# New Dust Collection System Just installed



## bayspt (Apr 4, 2008)

Hey I have a system that looks just like that.


----------



## sbryan55 (Dec 8, 2007)

I have one that looks a lot like that too. And I also have a red-headed operator who, if she has to operate it, yells at me a lot about the "mess" I have made in there.
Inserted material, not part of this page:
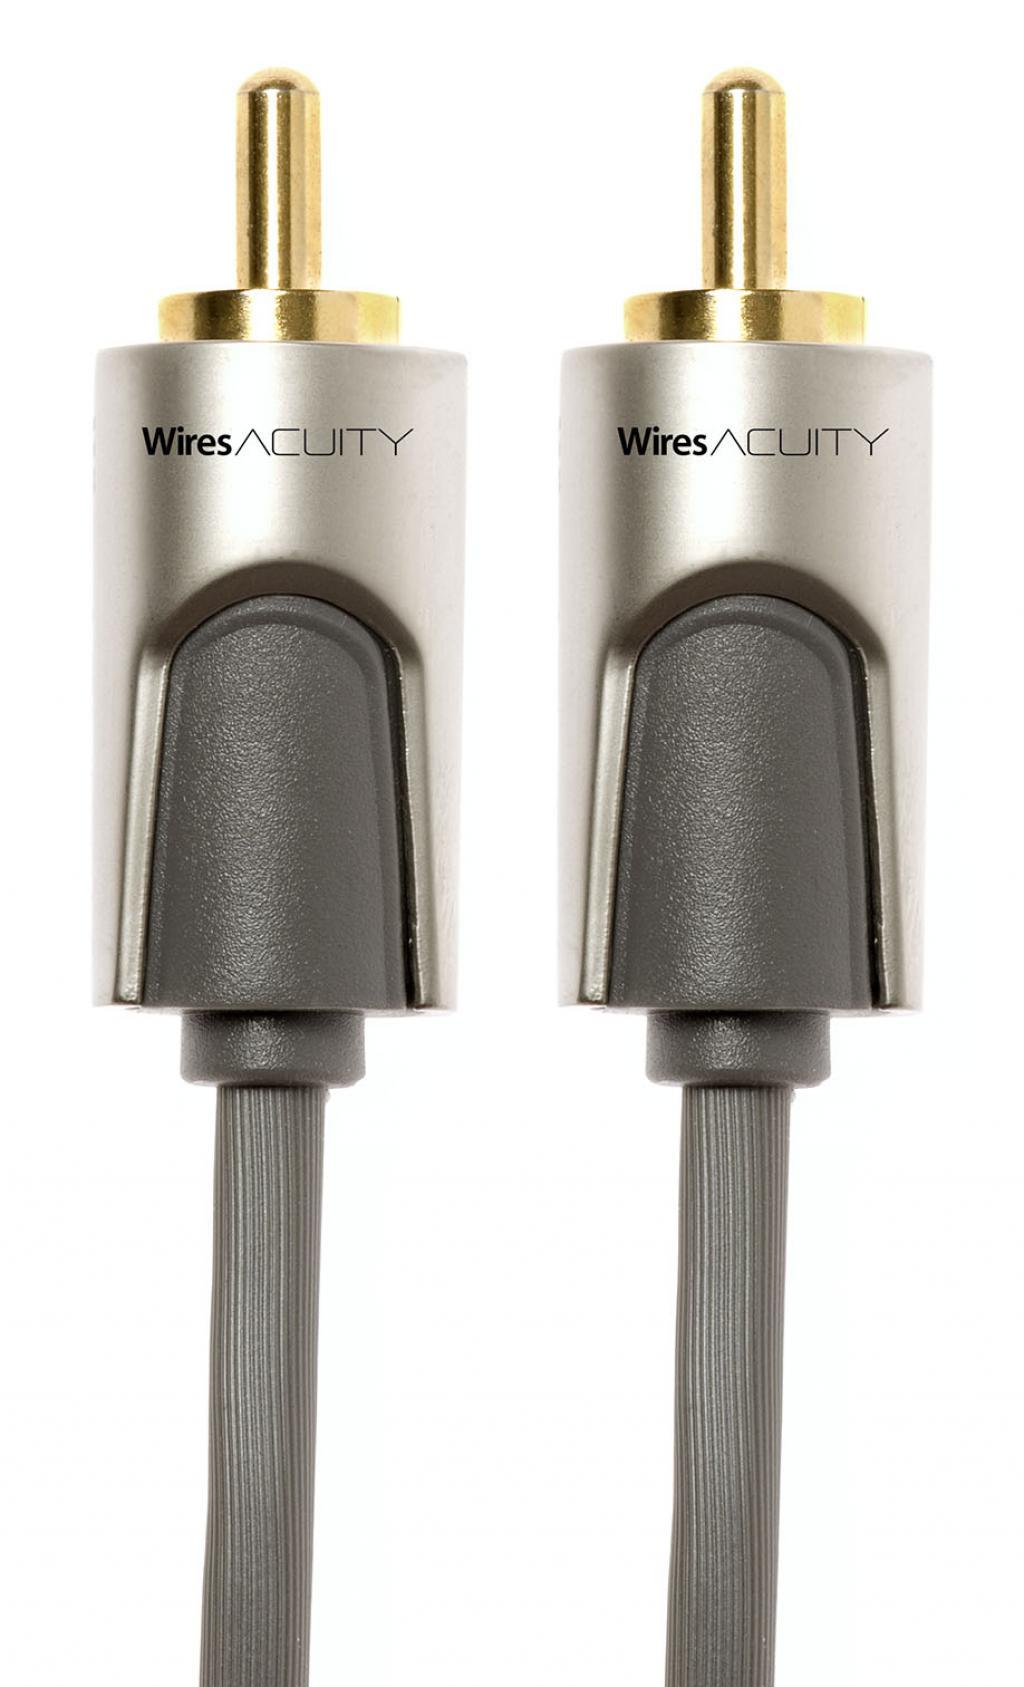 Cablu Digital TechLink WiresAcuity 1.5 metri

Thanks for the review. This one was cute.


----------



## MsDebbieP (Jan 4, 2007)

now if people would just remember to turn it on when they are done for the day!


----------



## dalec (Oct 3, 2007)

Green solution and so quiet and so original.

Dalec


----------



## StraightEdge (Apr 16, 2008)

Now, that is a DC System that fits my budget!

LOL

Carlyle


----------



## Greg3G (Mar 20, 2007)

Don't forget about safety … remember to always read the manuals that come with your tools before you operate them…or at least the sticker on the handle  and to wear safety glasses.


----------



## teenagewoodworker (Jan 31, 2008)

that looks like a nice system, must have been expensive though. what do they run around like 500$. To bad all i can afford for now is a shop vac, no were near the quality of a high end dust removal system like that, LOL. Thanks for the review.


----------



## ChasHutch (Mar 24, 2008)

I wish I had seen this before I bought my DC equipment. I wonder if it's too late to return it all?


----------



## DocK16 (Mar 18, 2007)

When I first clicked on the picture I thought "he must have built the machine into the broom closet" Duh!


----------



## jjohn (Mar 26, 2008)

I've been using one of these systems for years now. I thought everyone knew about them. Maybe if it catches on I can get some and sell them. LOL
Nicely done.


----------



## Billboard (Apr 10, 2008)

That is my exact dust collection system! Great minds think alike.


----------



## motthunter (Dec 31, 2007)

Did you have to run a 220 line to the shop to power it? I was going to get one just like this one, but when I went to buy it, I noticed that there was no instruction book with it… New tools need owners manuals or I have no idea how to use it.


----------



## teenagewoodworker (Jan 31, 2008)

i agree with motthunter, I've always been afraid to purchase a high end system like this because it didn't come with much instructions and i wasn't sure if i could run 220


----------



## bbqking (Mar 16, 2008)

I am surprised that no one has commented on the absolutely superb collection job this system is capable of on a daily basis. If you look closely, there is no sawdust visible in the photo. As to questions about running this system on 220, it is not recommended by the manufacturer, although I have seen great results running on 440 3 phase. As always, bbqking.


----------



## Sawdust2 (Mar 18, 2007)

220 might be a little high but RonRico 151 might be OK

Lee


----------



## Karson (May 9, 2006)

You know Tim the Took Man, would not like this version. It it's not powered by a big V8 it's not a good enough version.


----------



## Zuki (Mar 28, 2007)

LOL


----------



## DocK16 (Mar 18, 2007)

If you look closely hanging on the door are extension cords long enough to reach around the whole shop. This unit obviously runs on regular 110.


----------



## sammkuz (Aug 27, 2009)

I think we have the same one!!!


----------



## glassyeyes (Apr 14, 2009)

I use the leaf blower-when the neighbor isn't looking-


----------



## NBeener (Sep 16, 2009)

Do you have any issues with static pressure, like … for instance … do you get static from your wife, or pressure from your kids ?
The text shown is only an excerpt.